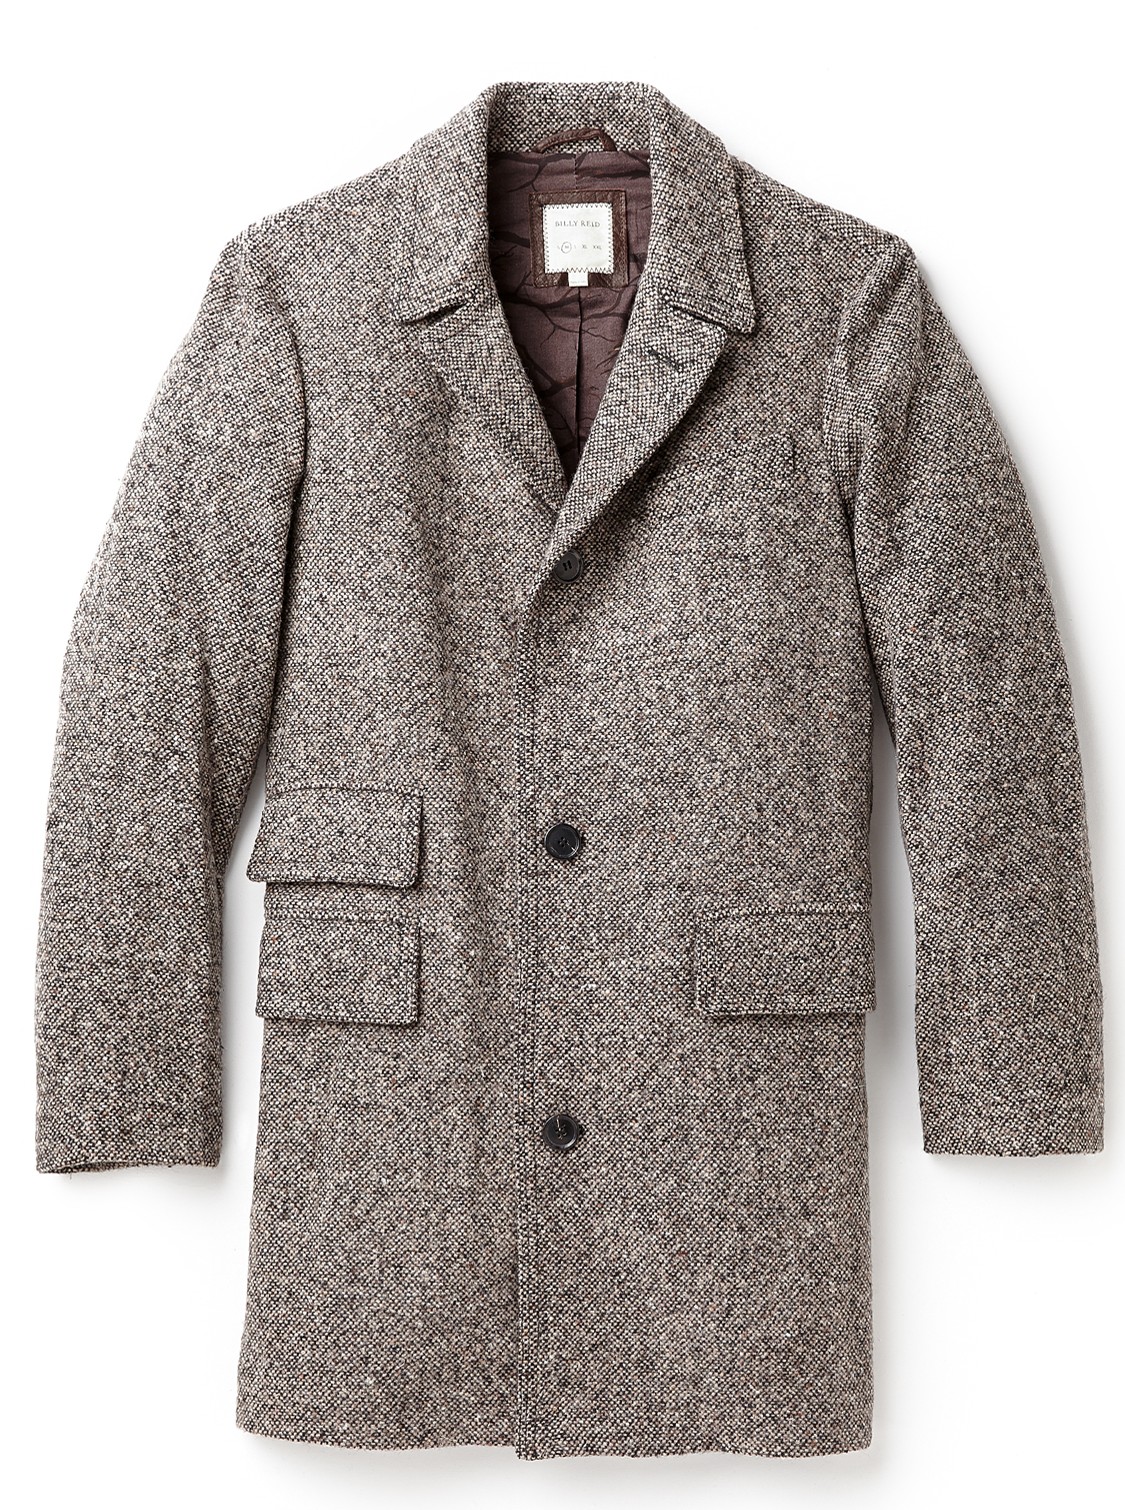 Billy Reid Astor Tweed Coat e1411970056743
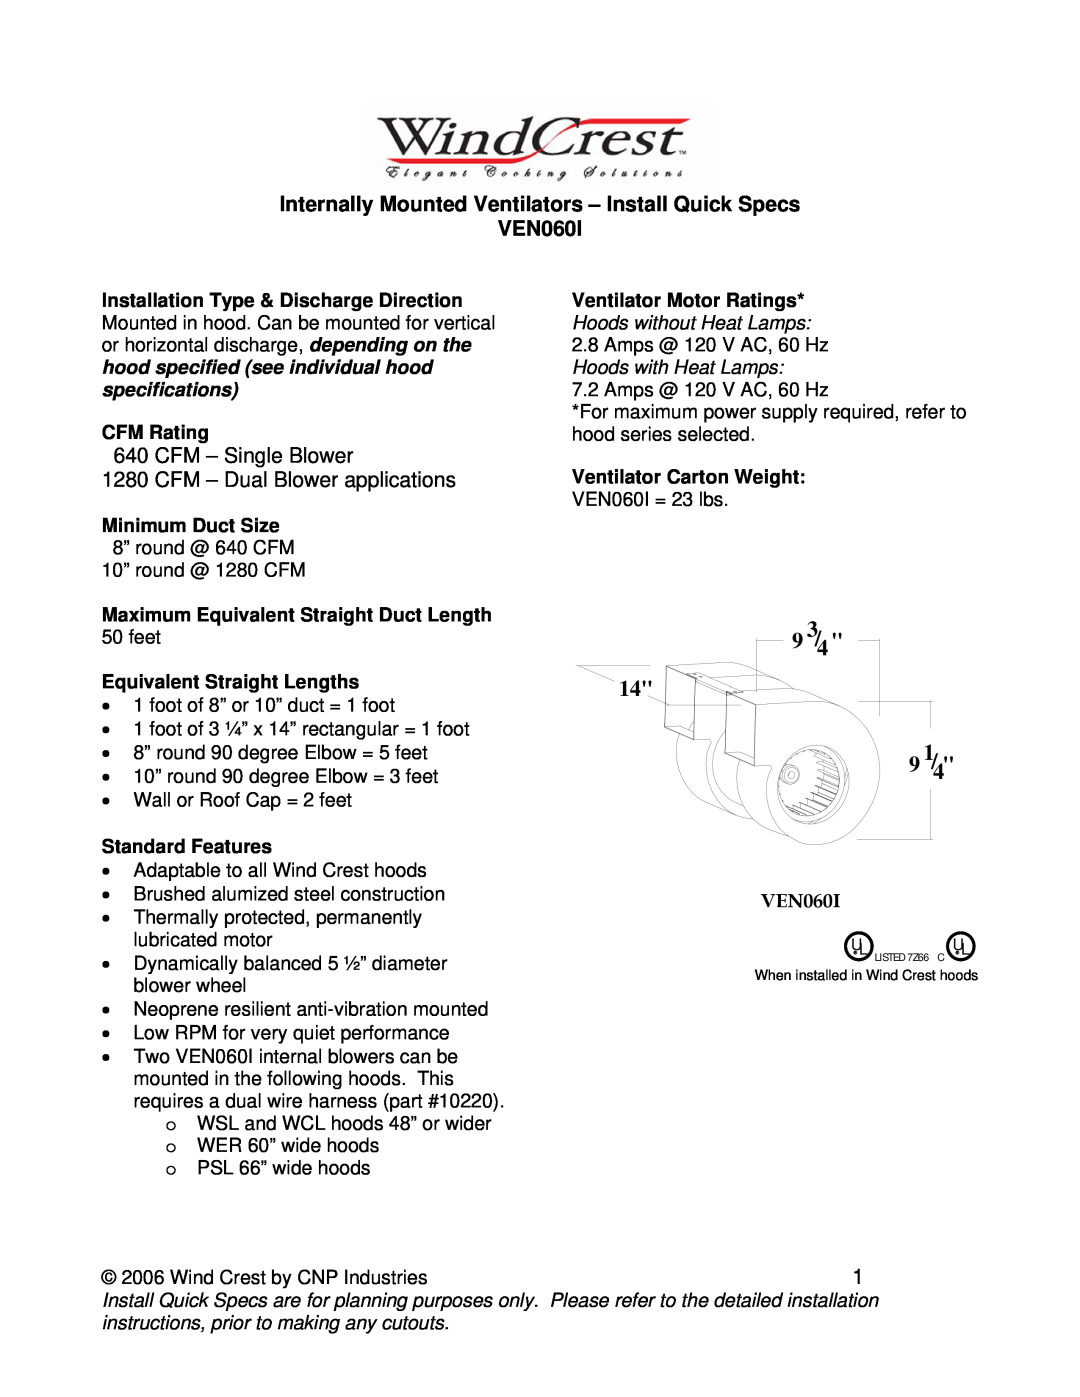 Wind Crest installation instructions Internally Mounted Ventilators - Install Quick Specs VEN060I, 9 3/4, 9 1/4 
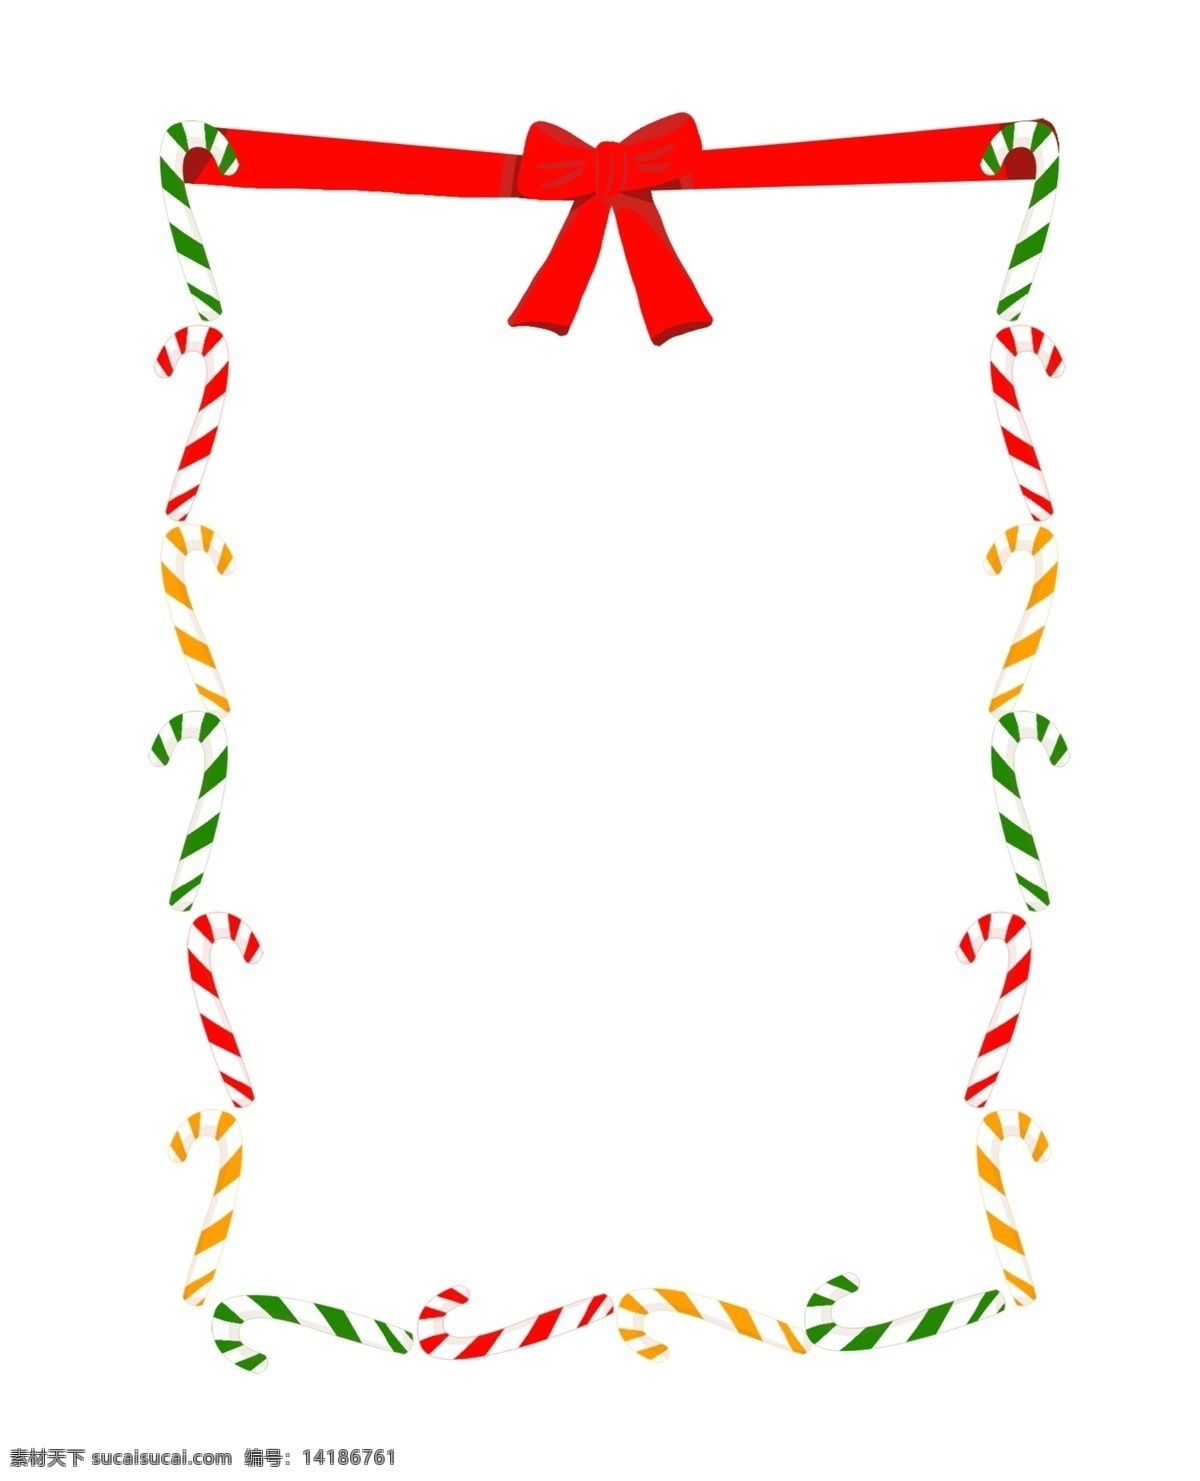 手绘 圣诞 拐杖 边框 圣诞拐杖 彩色拐杖 拐杖边框 边框插画 红色 红色蝴蝶结 手绘拐杖 蝴蝶姐插图
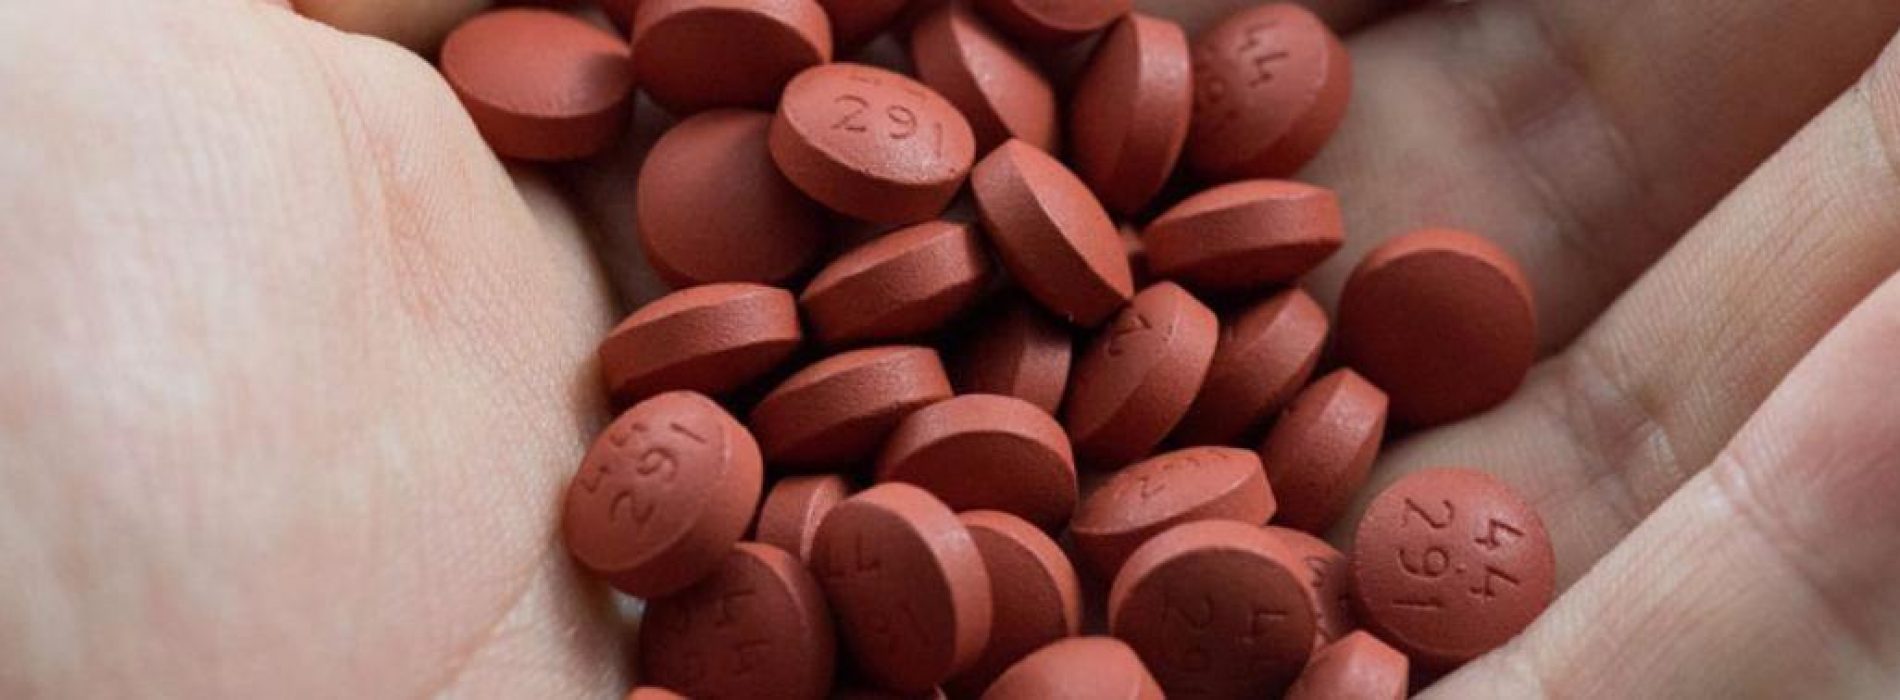 Zoals verzocht meer informatie over het gebruik van Ibuprofen – Het is schadelijk voor je hart

——————————

Instructions to follow |
The material above must be reproduced line for line, with the images omitted.

Answer section |
 Billy Reid Astor Tweed Coat e1411970056743
 Wind Crest installation instructions Internally Mounted Ventilators - Install Quick Specs VEN060I, 9 3/4, 9 1/4 
 手绘 圣诞 拐杖 边框 圣诞拐杖 彩色拐杖 拐杖边框 边框插画 红色 红色蝴蝶结 手绘拐杖 蝴蝶姐插图
 Zoals verzocht meer informatie over het gebruik van Ibuprofen – Het is schadelijk voor je hart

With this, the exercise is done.